Data provided Block Start

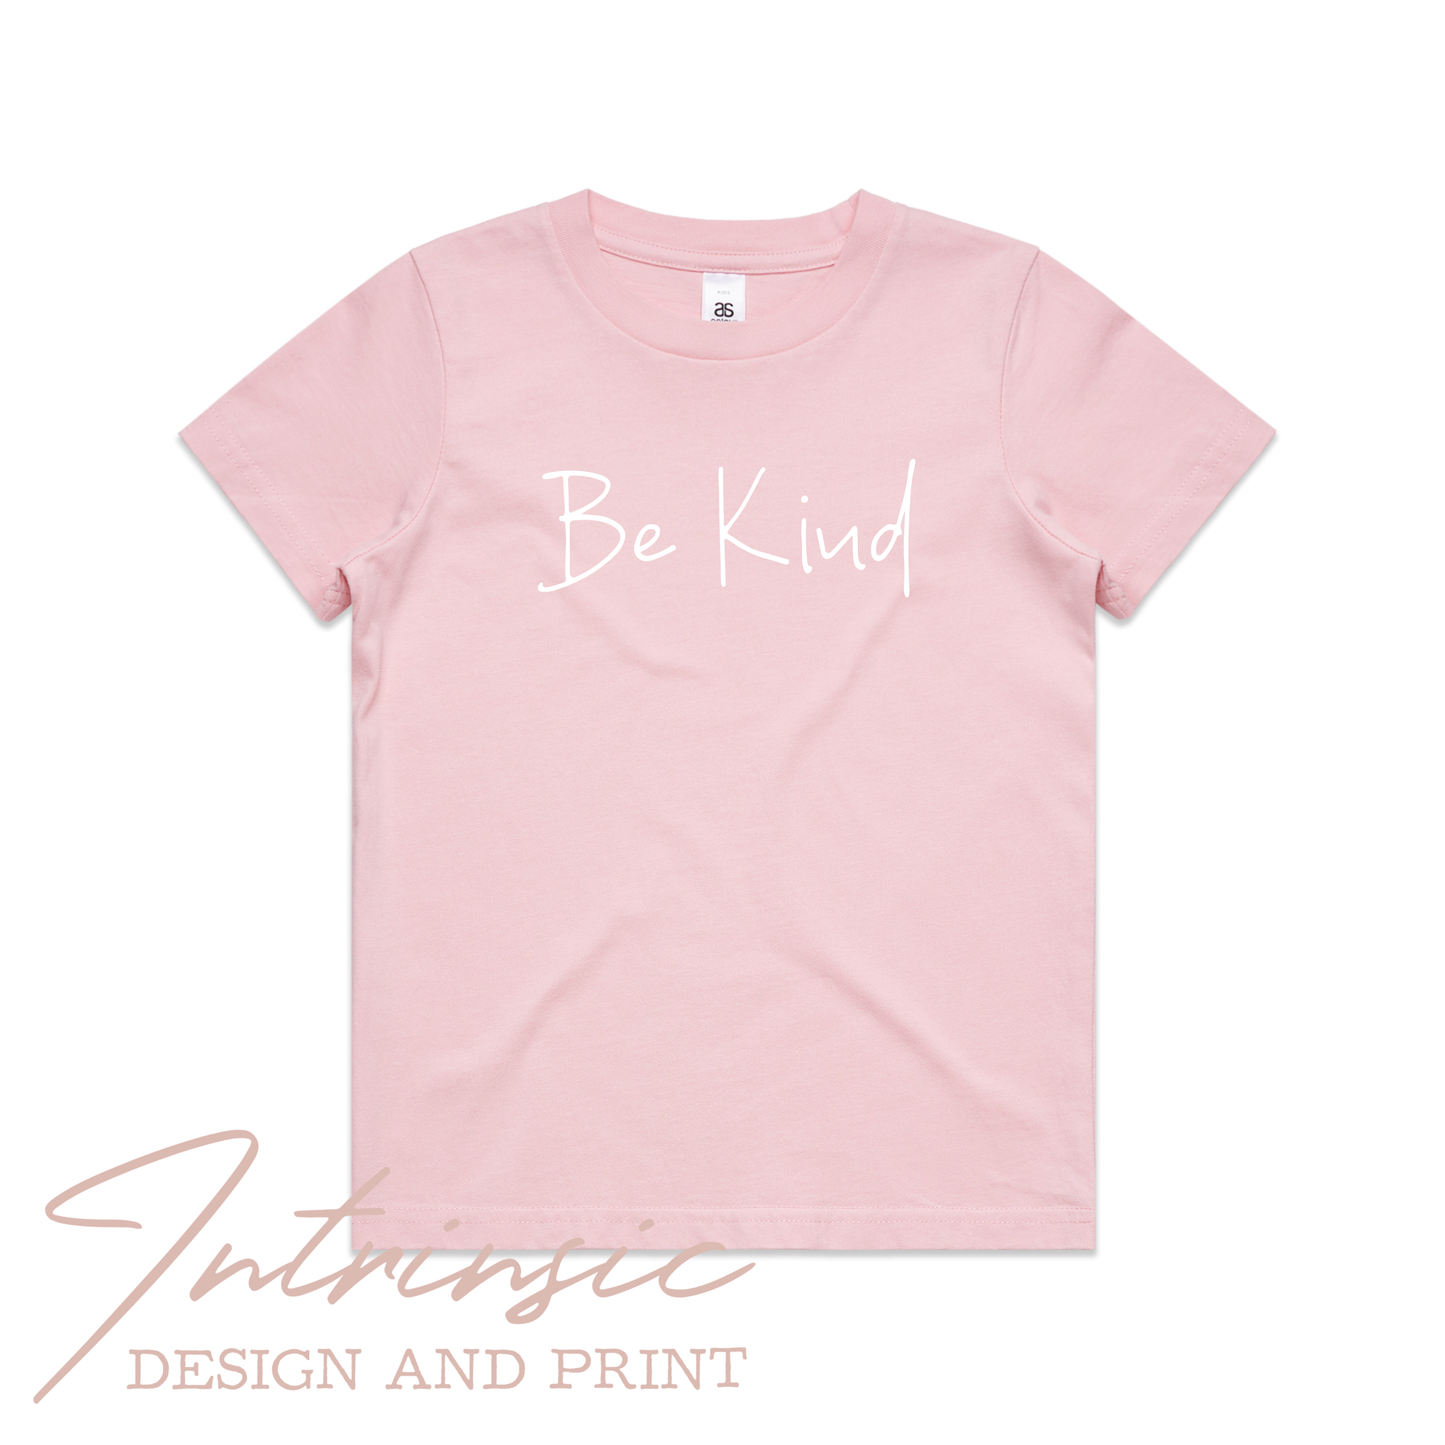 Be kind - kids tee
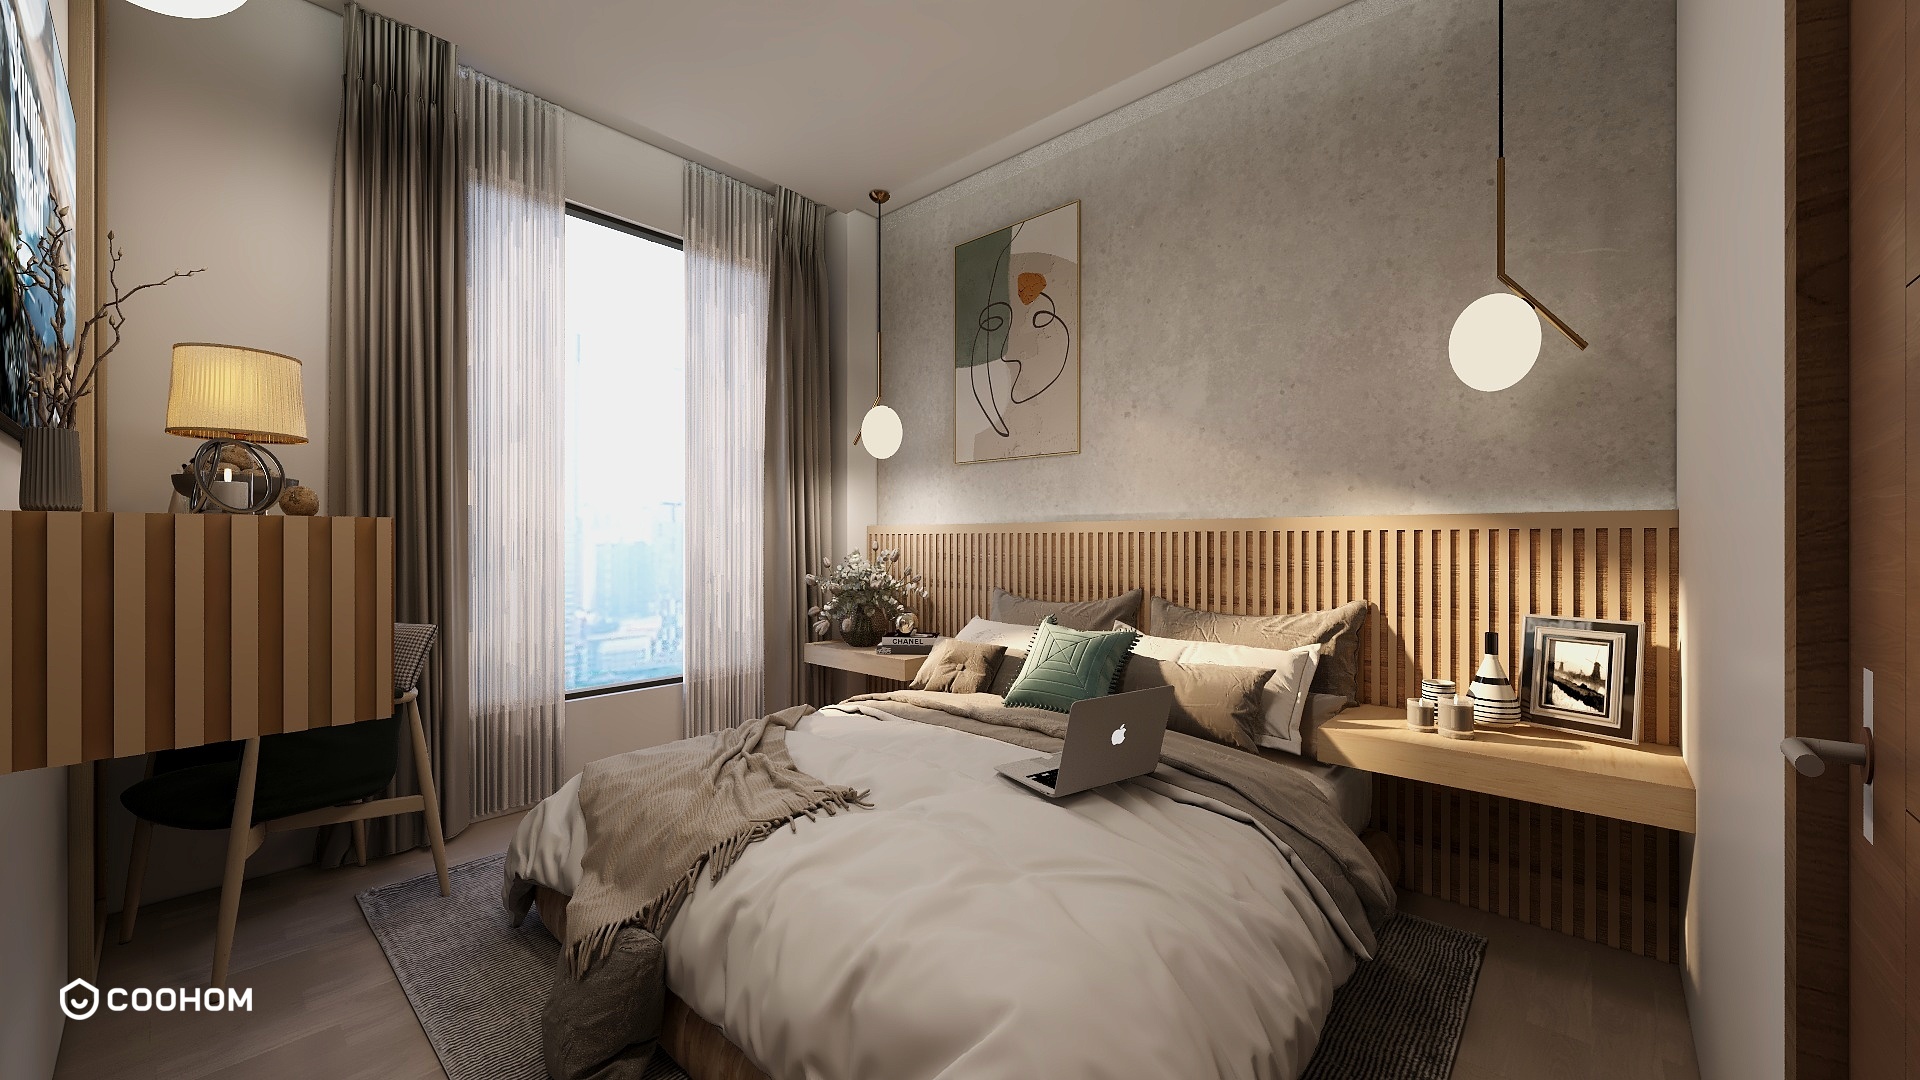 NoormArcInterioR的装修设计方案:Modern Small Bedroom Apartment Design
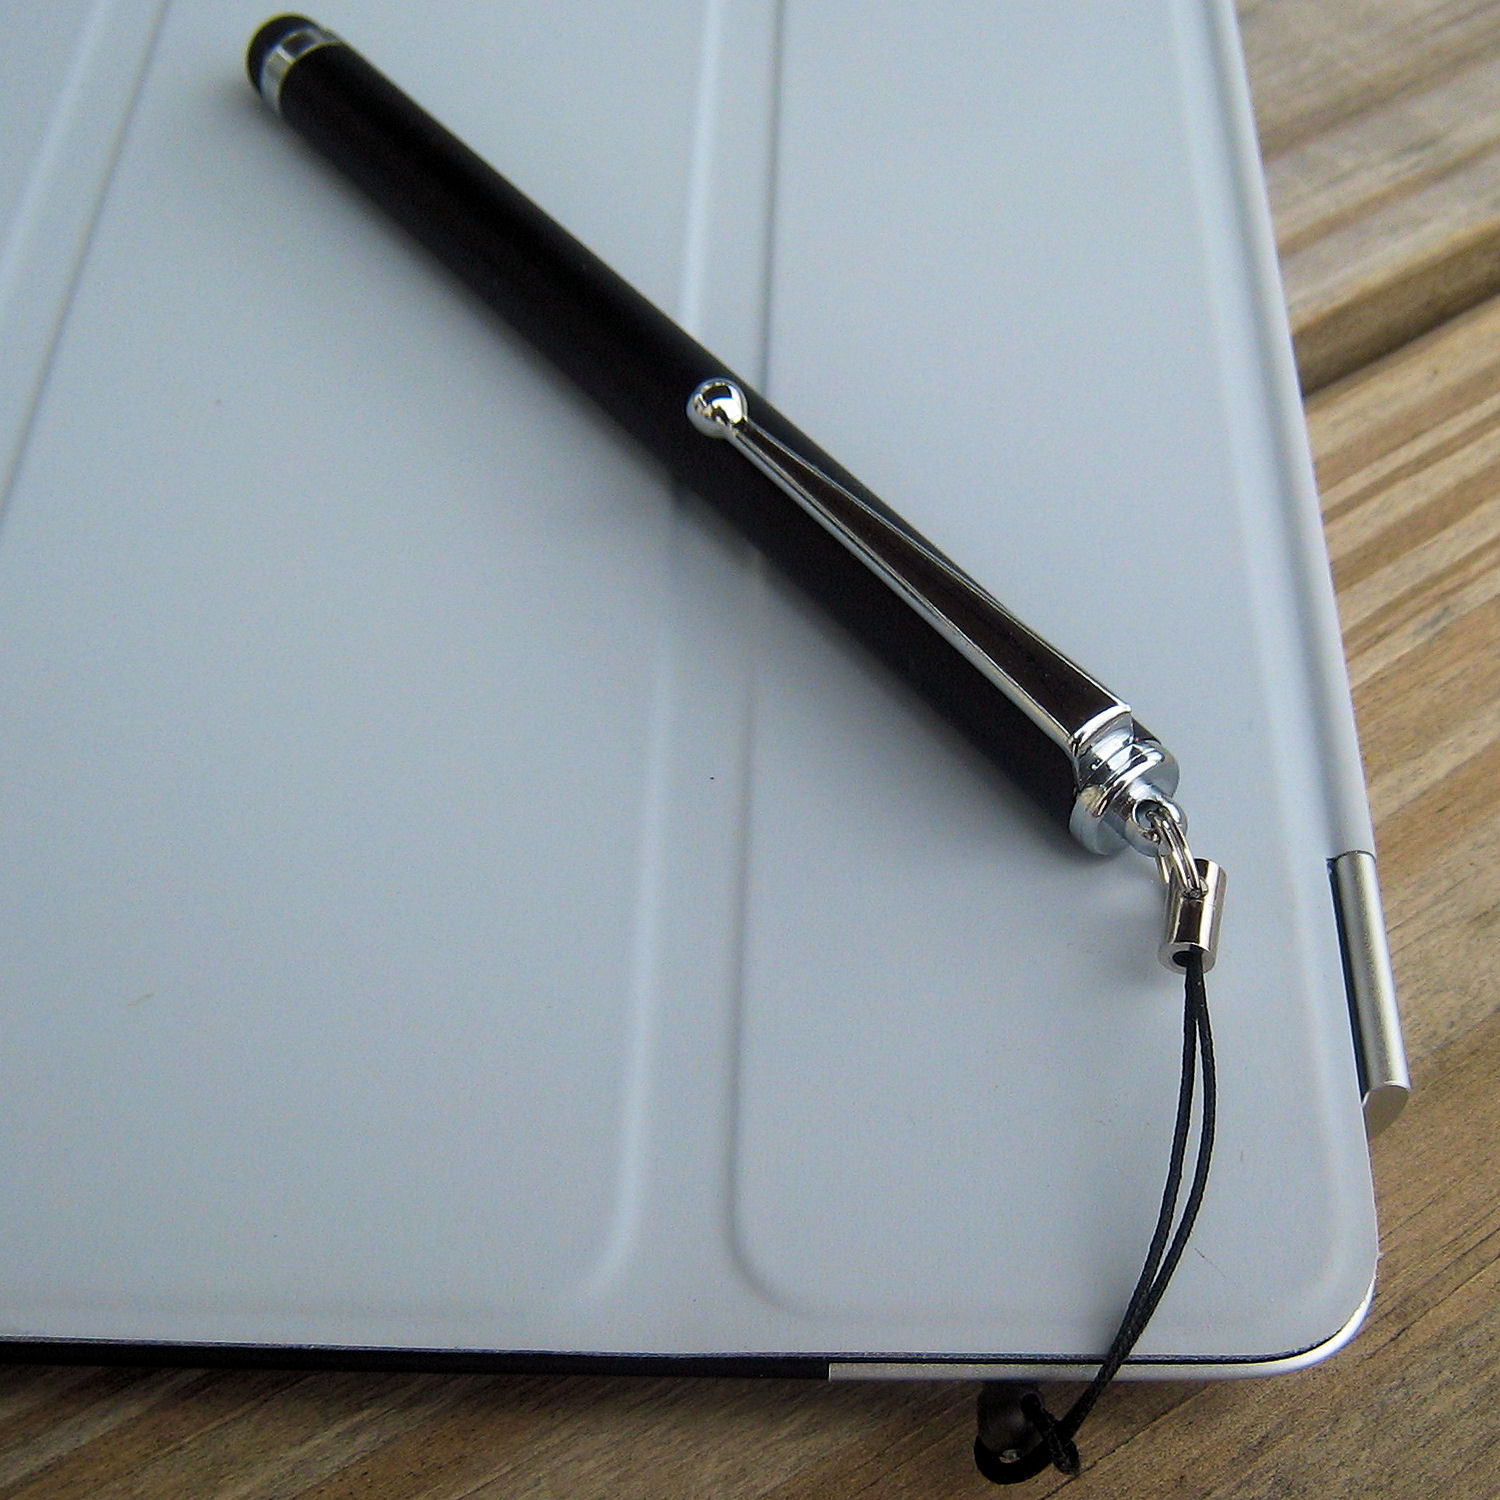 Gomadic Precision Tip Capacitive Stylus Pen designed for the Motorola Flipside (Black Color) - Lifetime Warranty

Data provided Block End

## Instructions for the task
Where a picture appears in the listing above, skip it and set down all the rest exactly.

## Solution to the problem
 Be kind - kids tee
 NoormArcInterioR的装修设计方案:Modern Small Bedroom Apartment Design
 Gomadic Precision Tip Capacitive Stylus Pen designed for the Motorola Flipside (Black Color) - Lifetime Warranty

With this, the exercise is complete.